↓↓↓

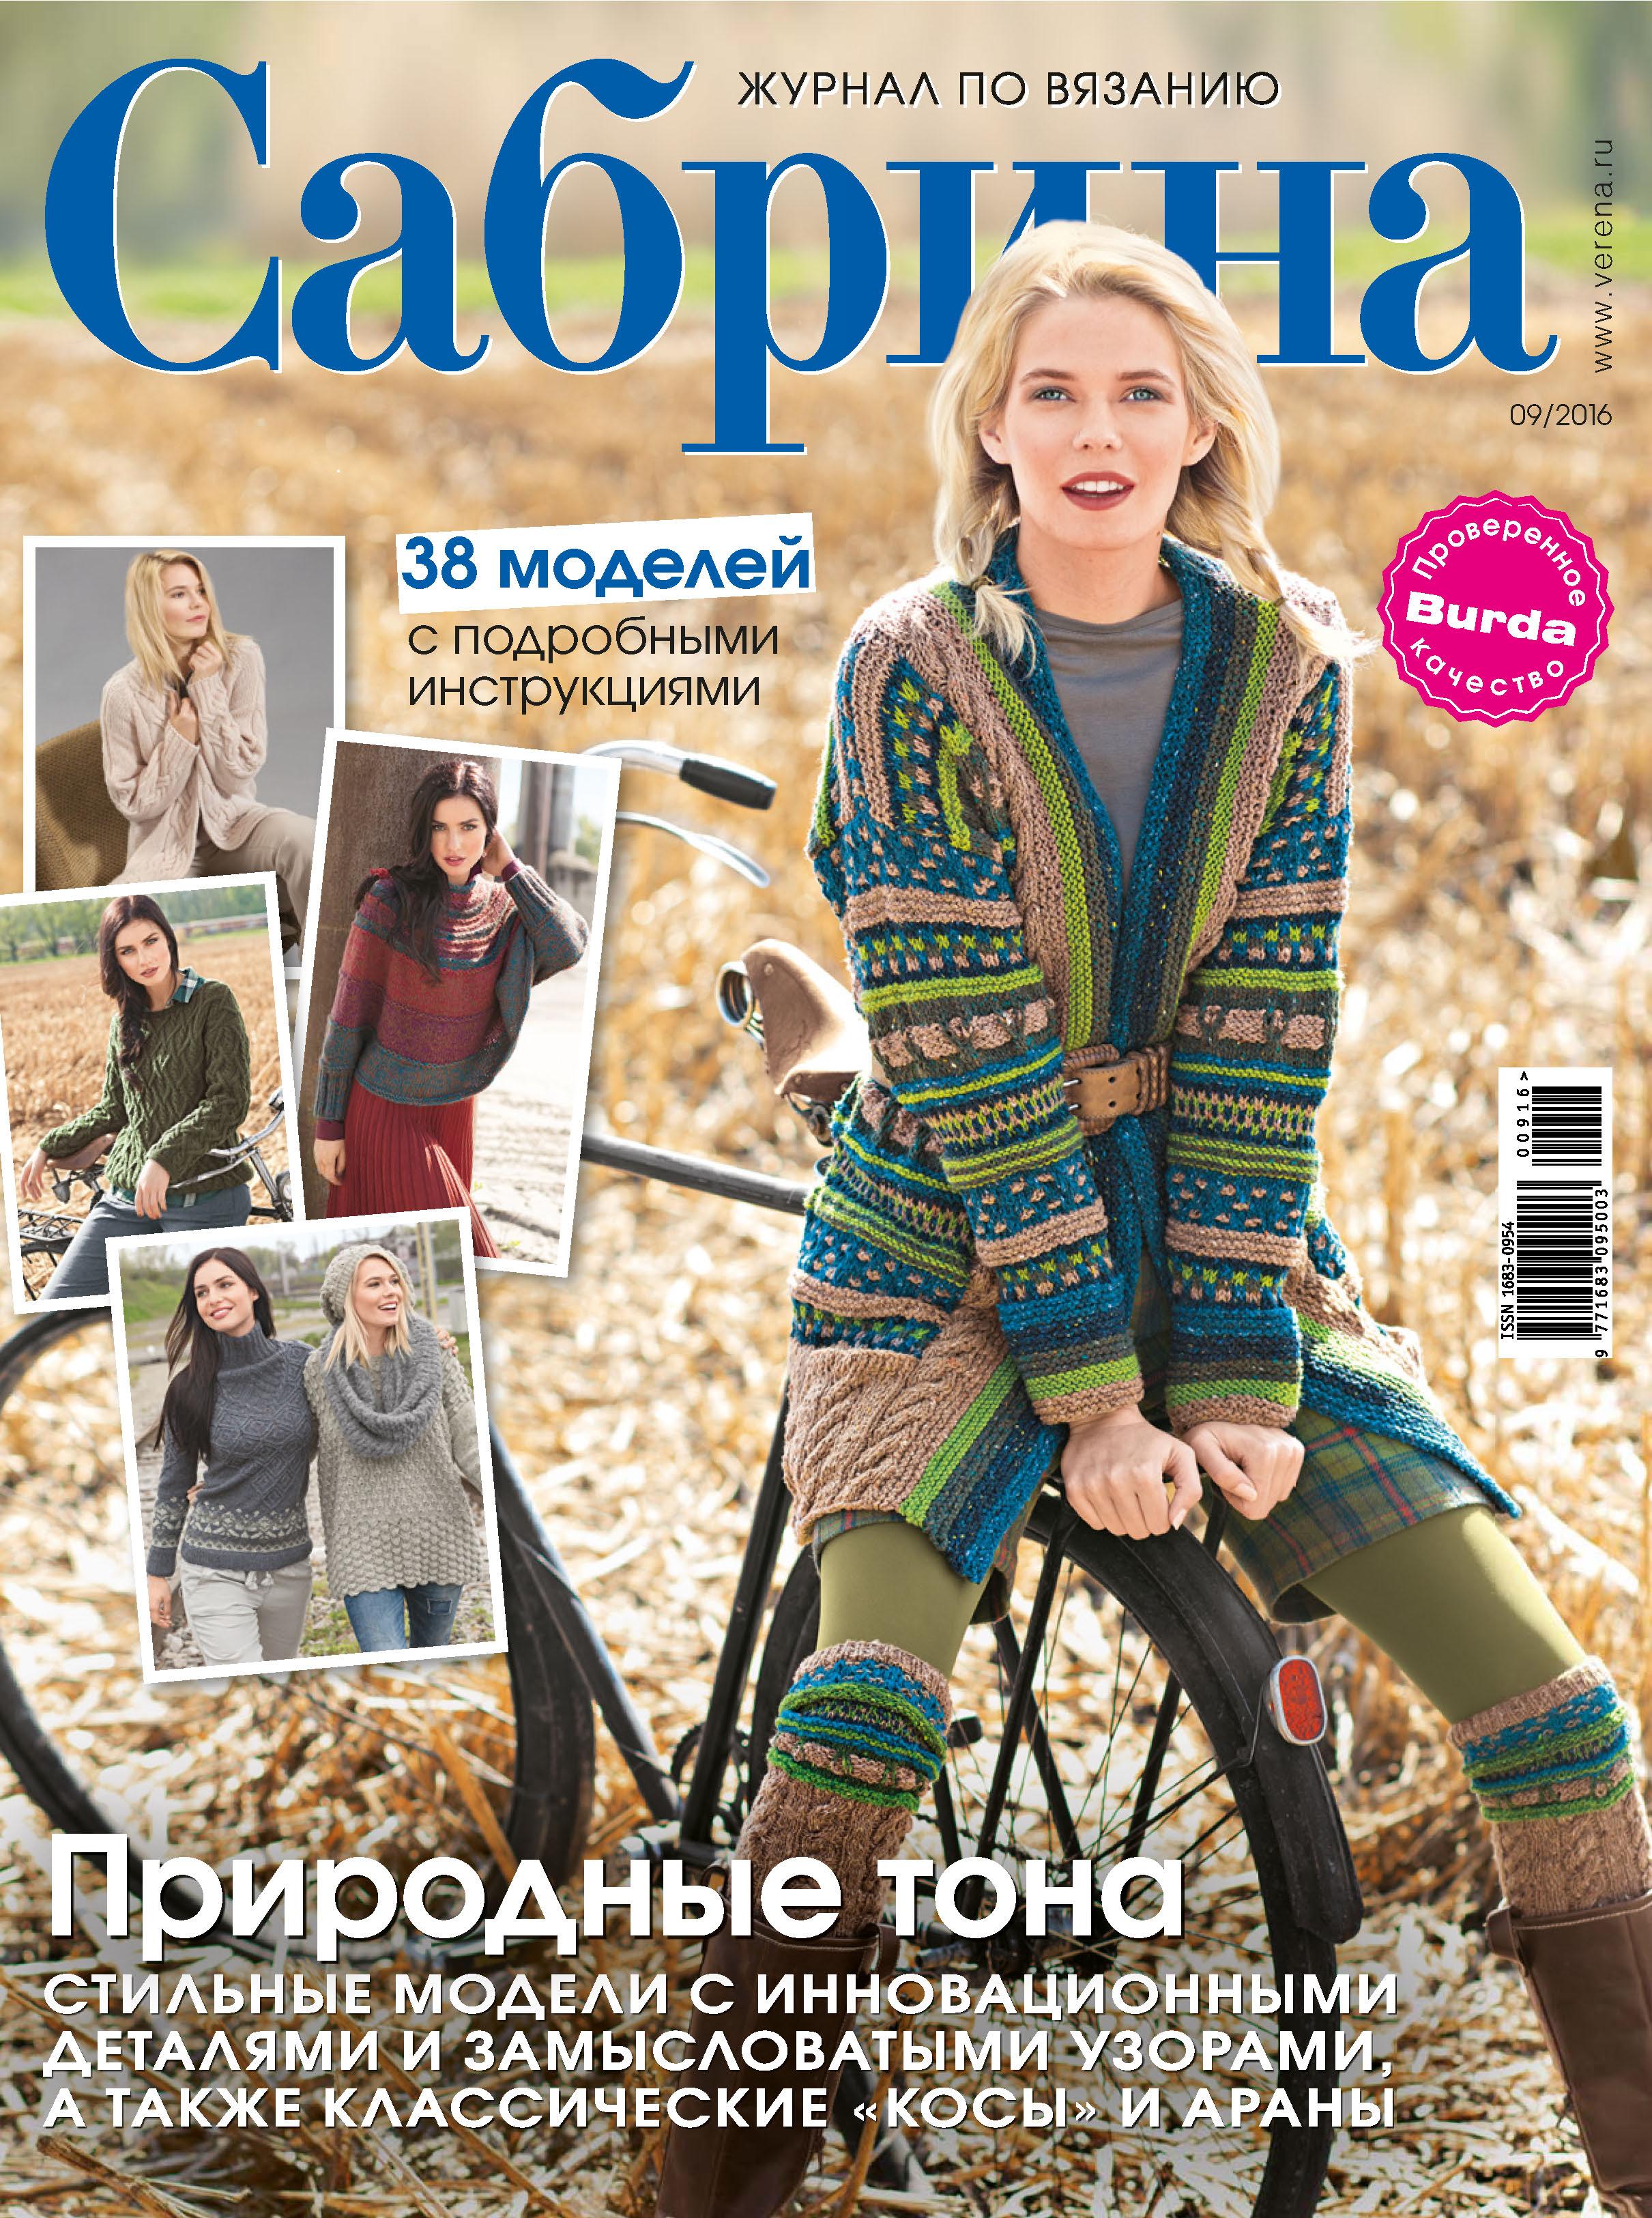 ИД «Бурда» Сабрина. Журнал по вязанию. №09/2016
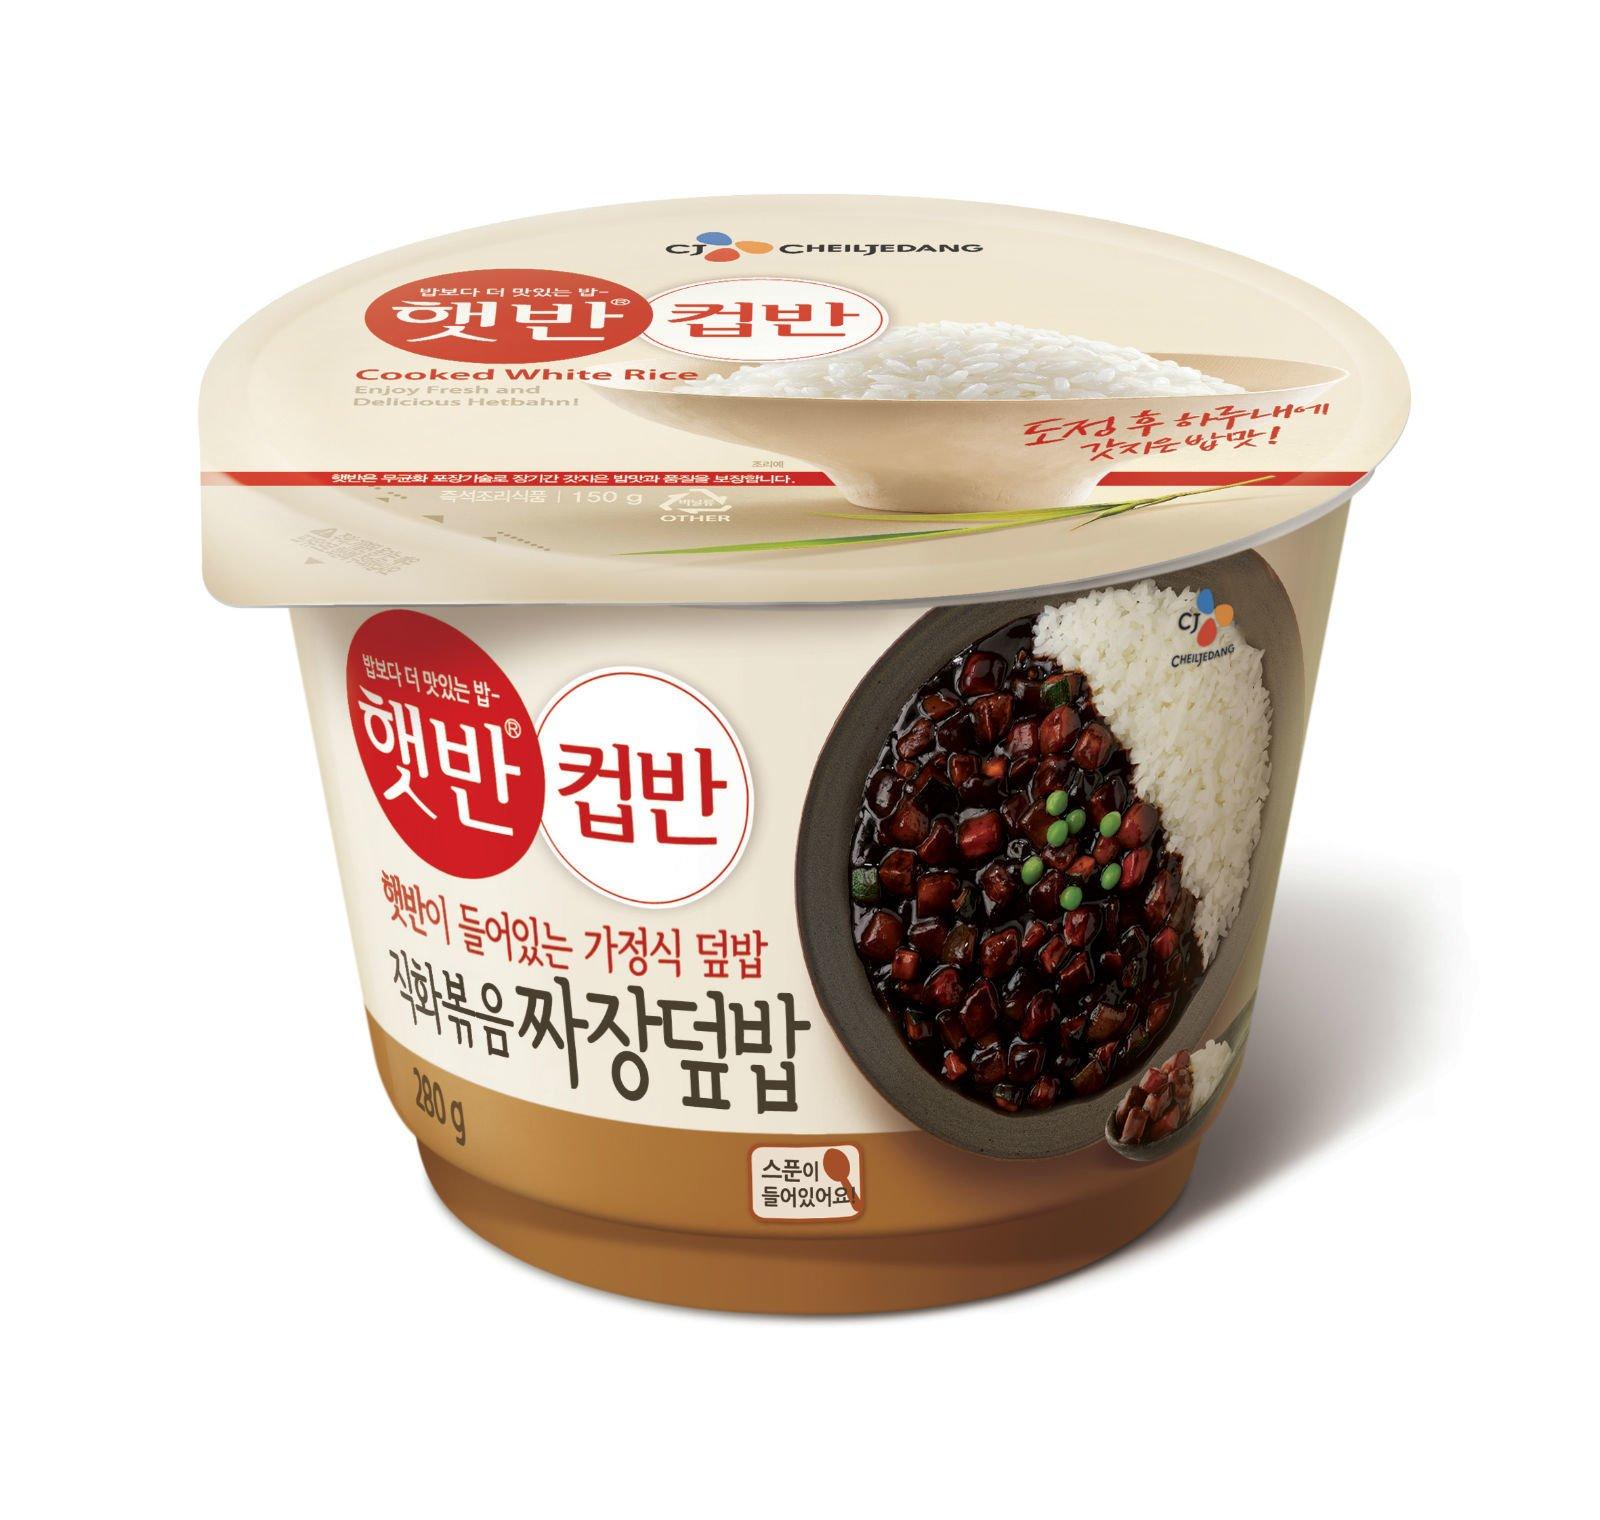 CJ Cupbahn Hatbahn Microwavable Rice Bowls (Black Bean Sauce (짜장덮밥), 2 Pack)
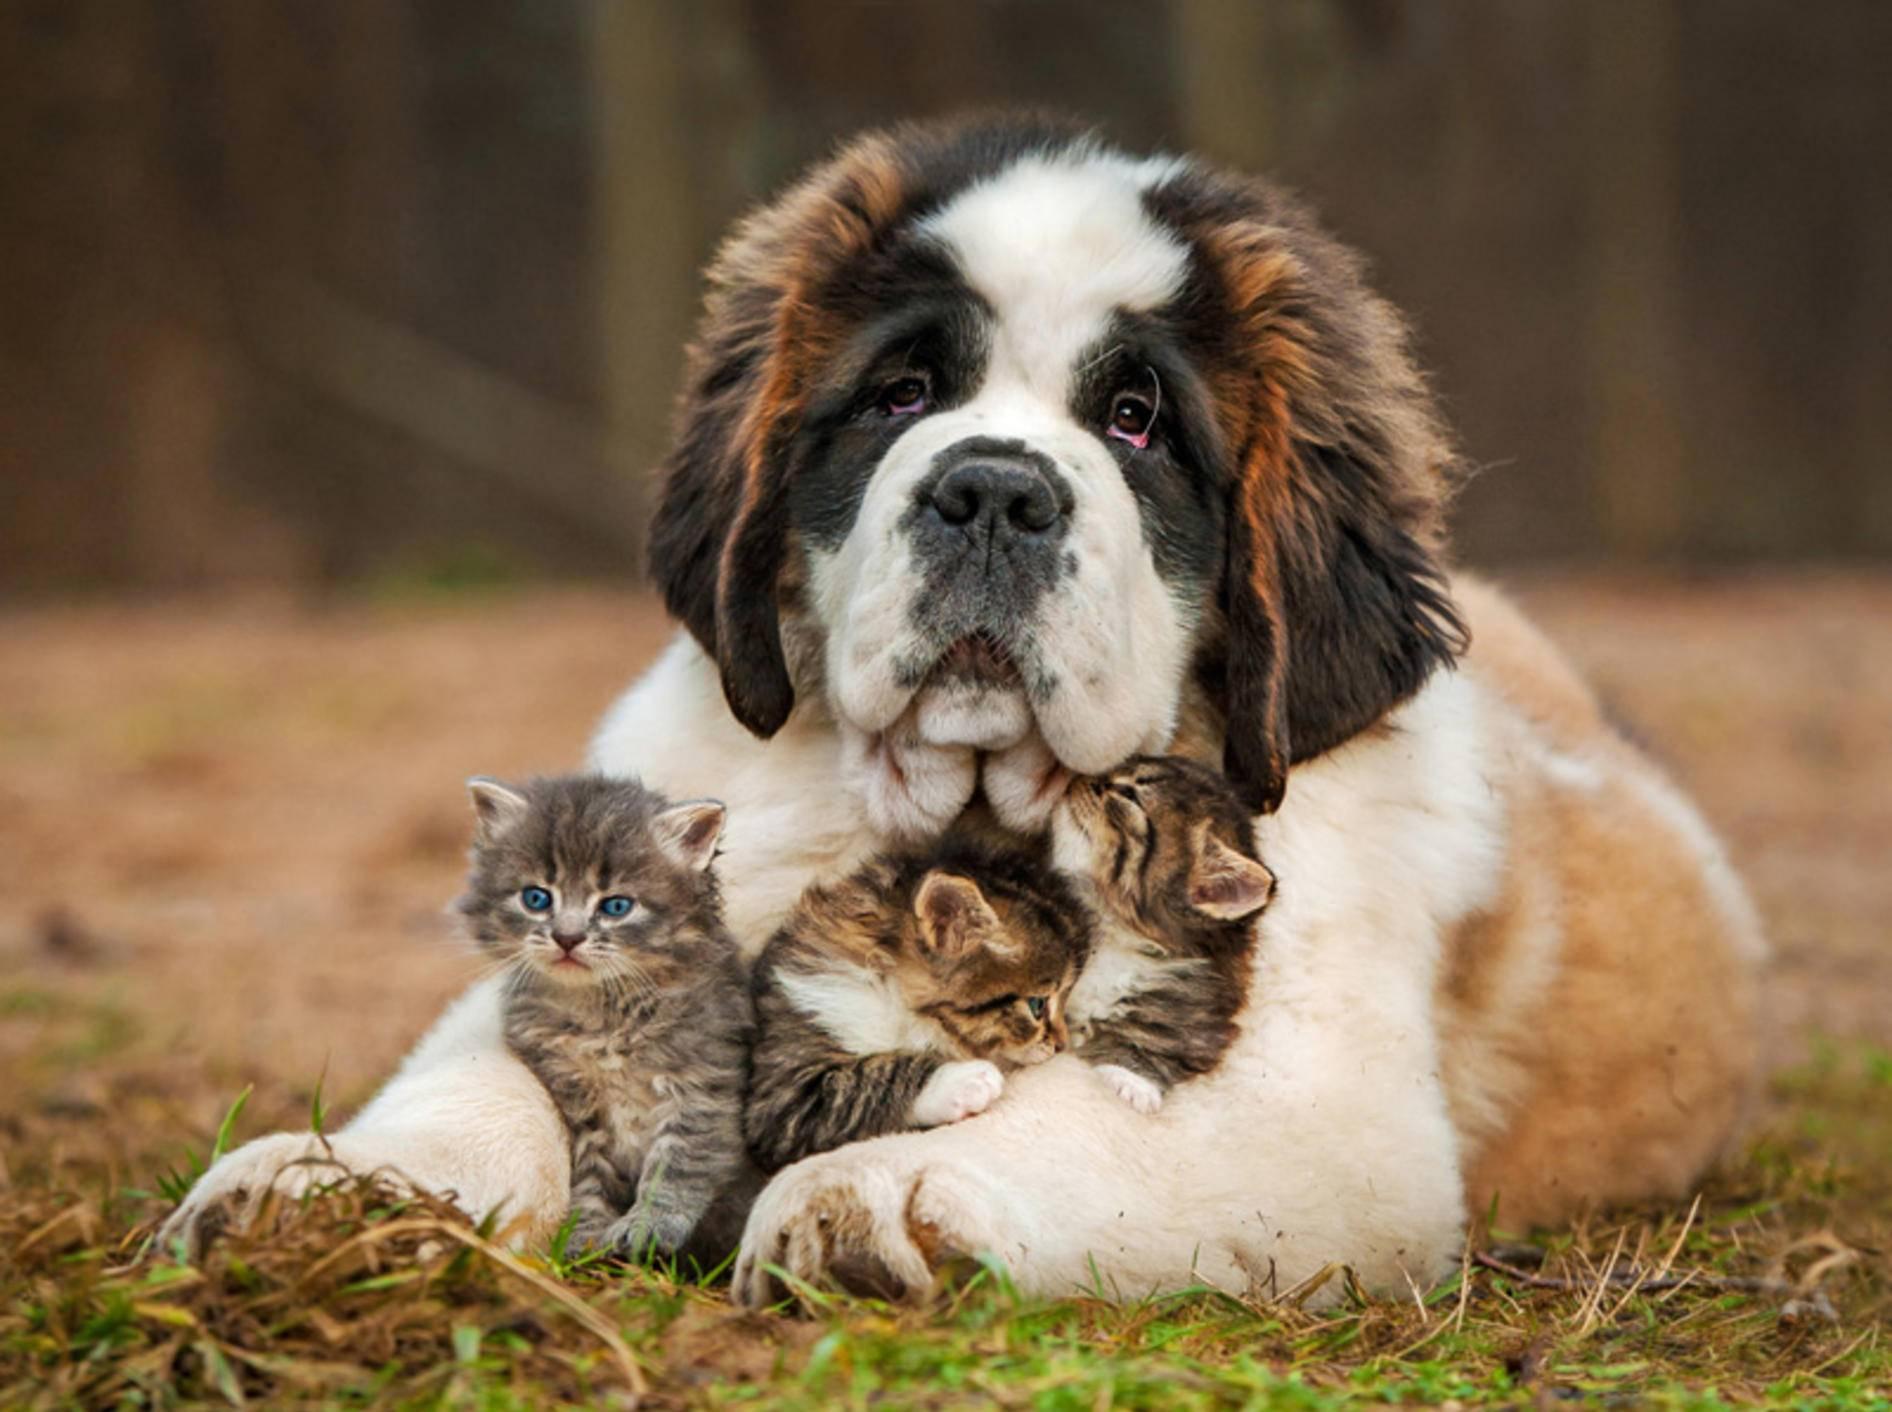 Toller Hund: Der Hütetrieb dieses Berhardiners kommt den Katzenbabys bestimmt zugute – Bild: Shutterstock / Grigorita Ko

↑↑↑

Your output should be the lines from the one with "CJ Cupbahn Hatbahn" through the end of the listing, copied exactly and with the pictures left out.

Exercise answer
 CJ Cupbahn Hatbahn Microwavable Rice Bowls (Black Bean Sauce (짜장덮밥), 2 Pack)
 Toller Hund: Der Hütetrieb dieses Berhardiners kommt den Katzenbabys bestimmt zugute – Bild: Shutterstock / Grigorita Ko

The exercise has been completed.